- **DATA SEGMENT**

+++

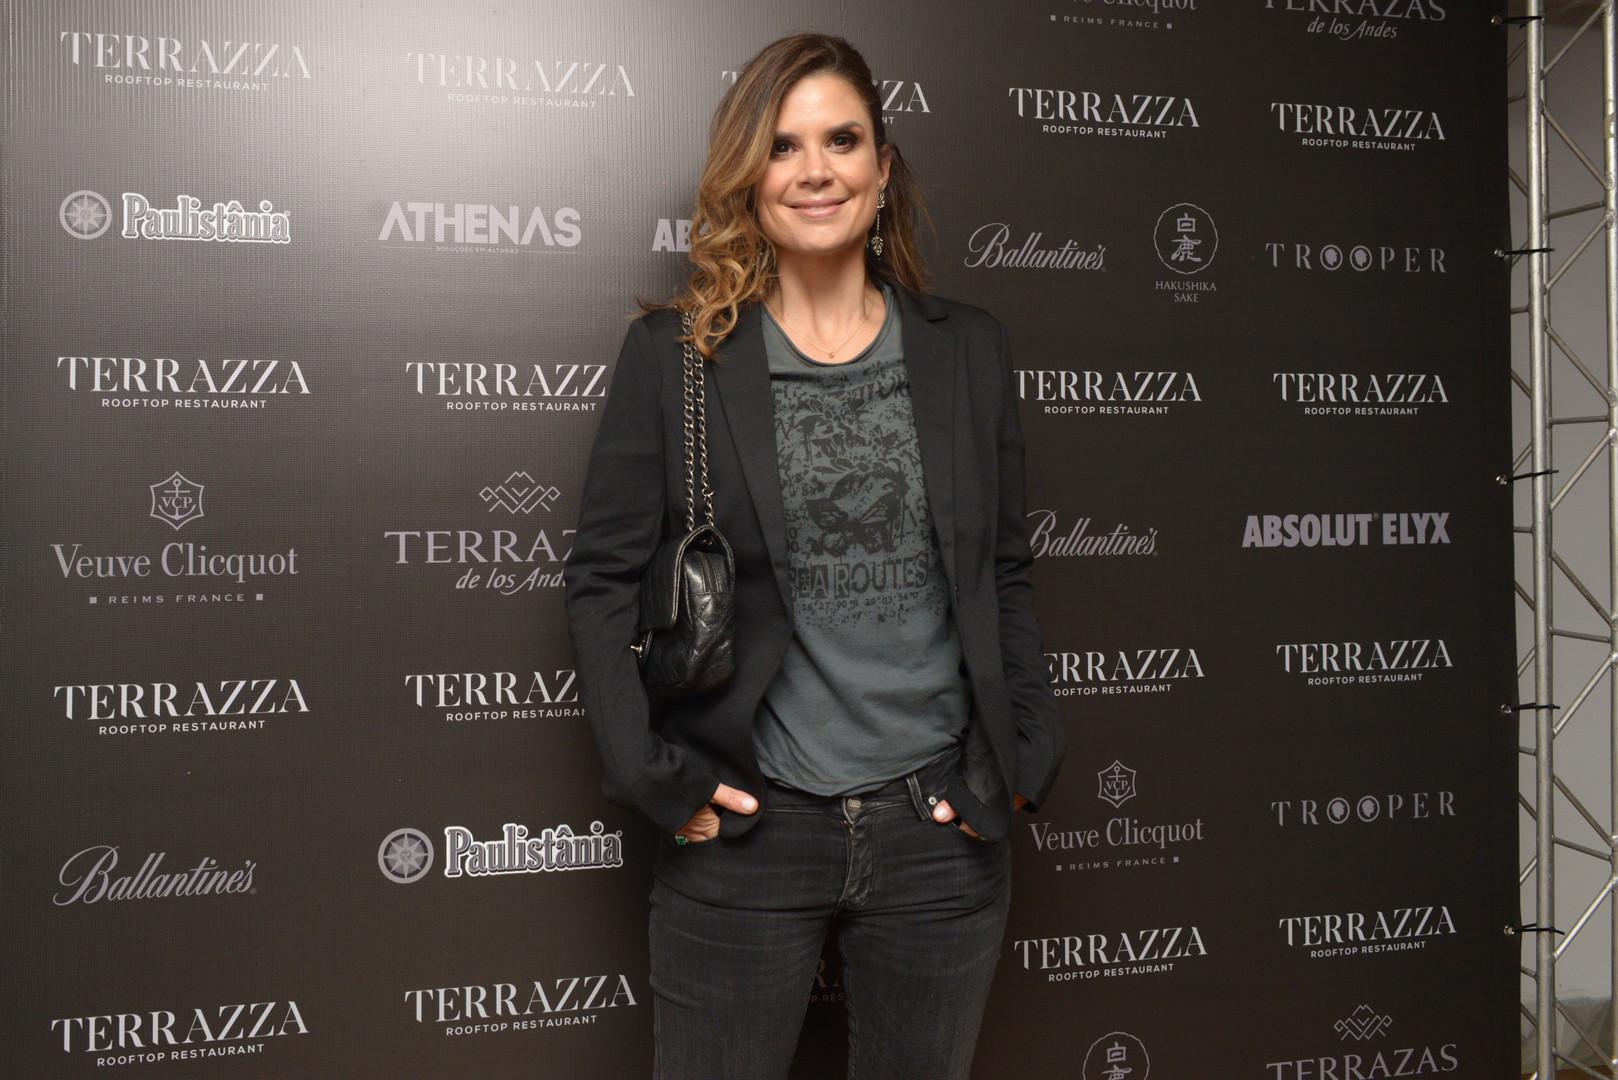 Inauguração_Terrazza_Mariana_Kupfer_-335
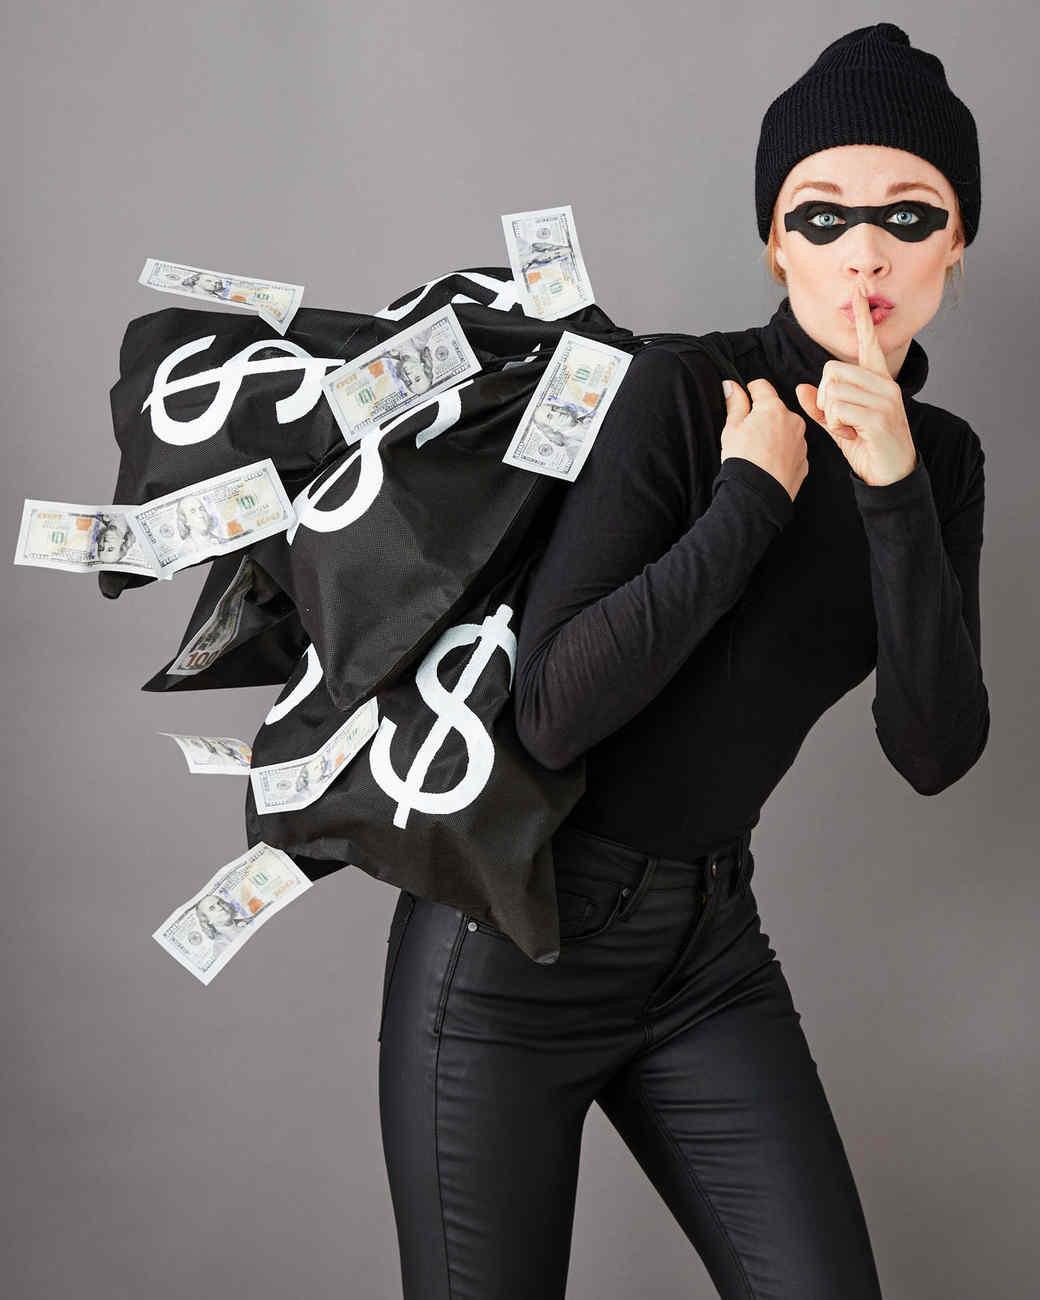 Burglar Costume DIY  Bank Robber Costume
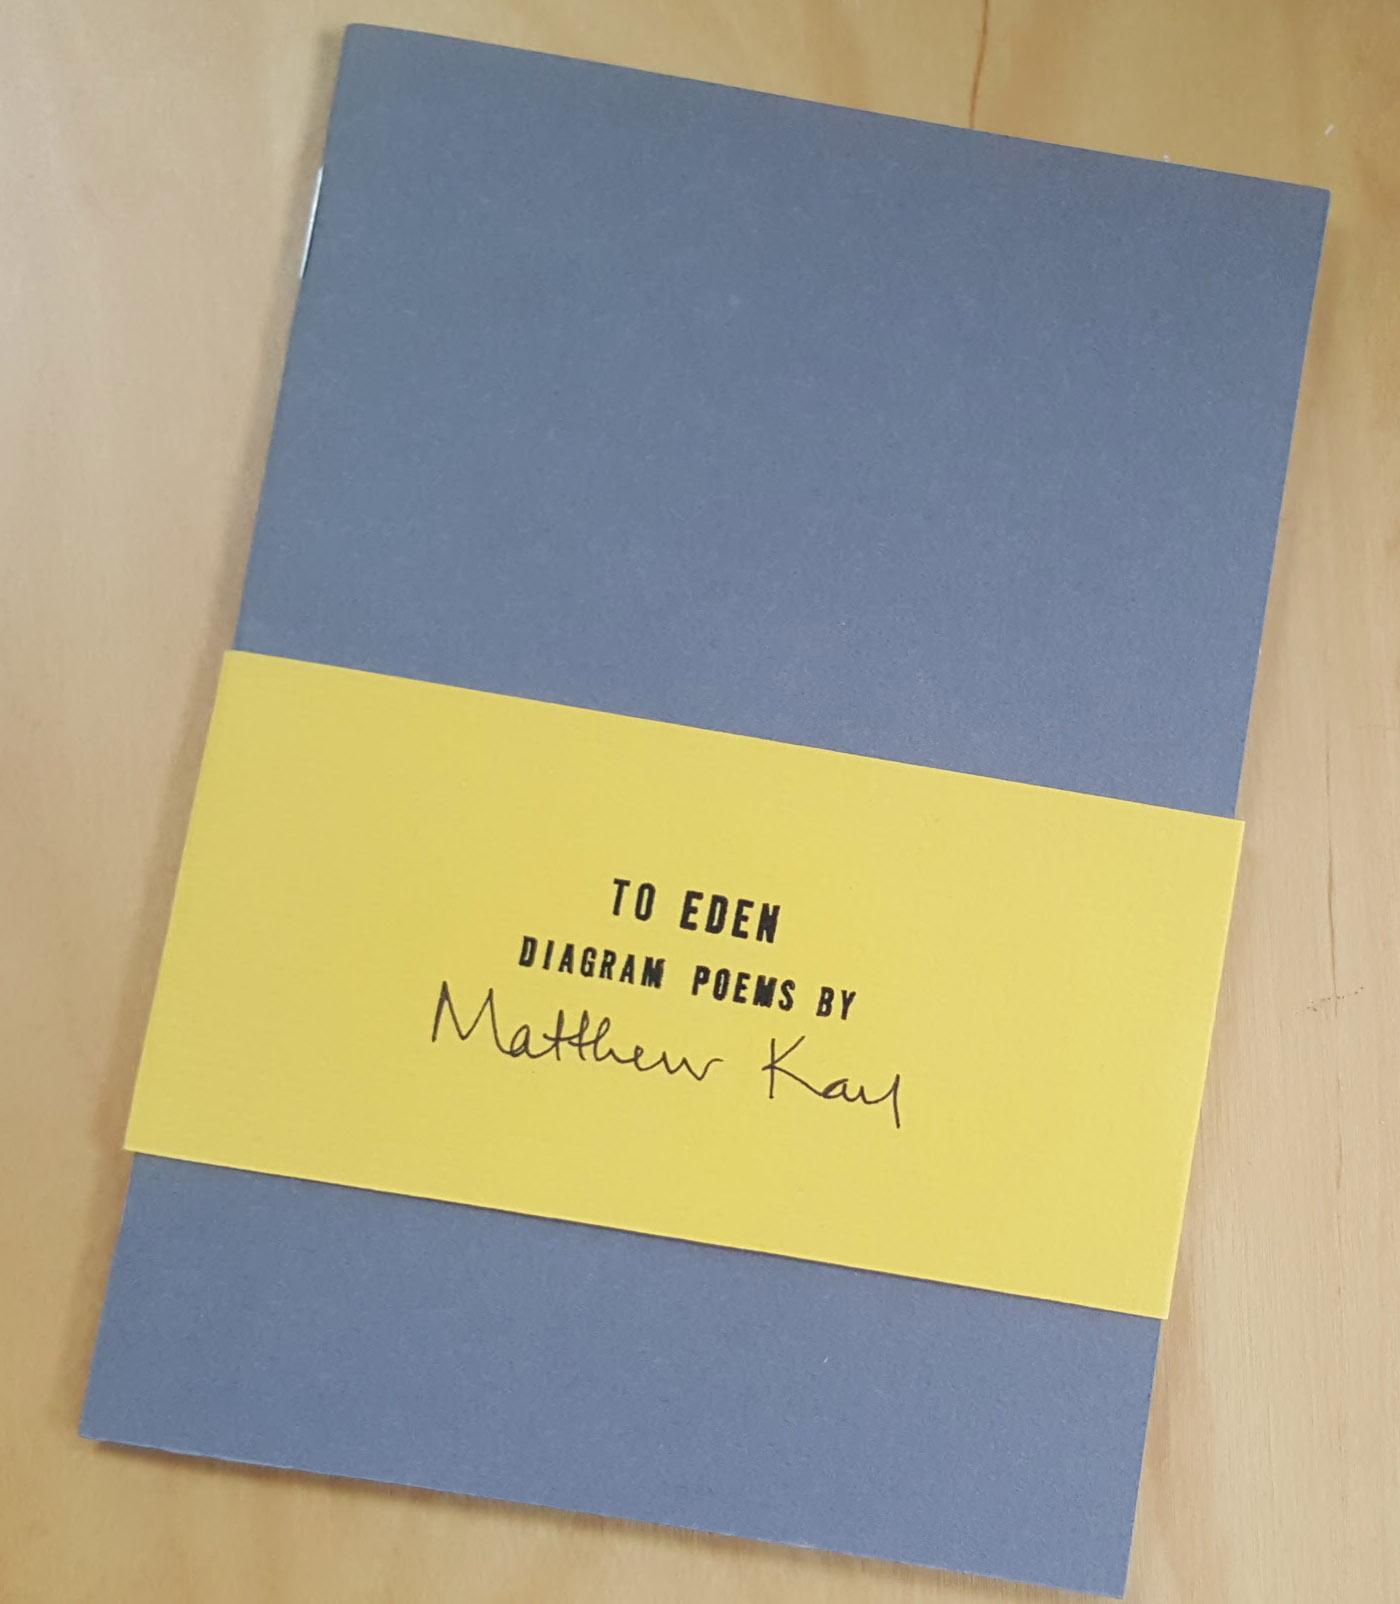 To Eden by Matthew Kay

+++

- **EXERCISE DETAILS**
With the images omitted, return the full material exactly.

- **EXPECTED OUTPUT**
 Inauguração_Terrazza_Mariana_Kupfer_-335
 Burglar Costume DIY  Bank Robber Costume
 To Eden by Matthew Kay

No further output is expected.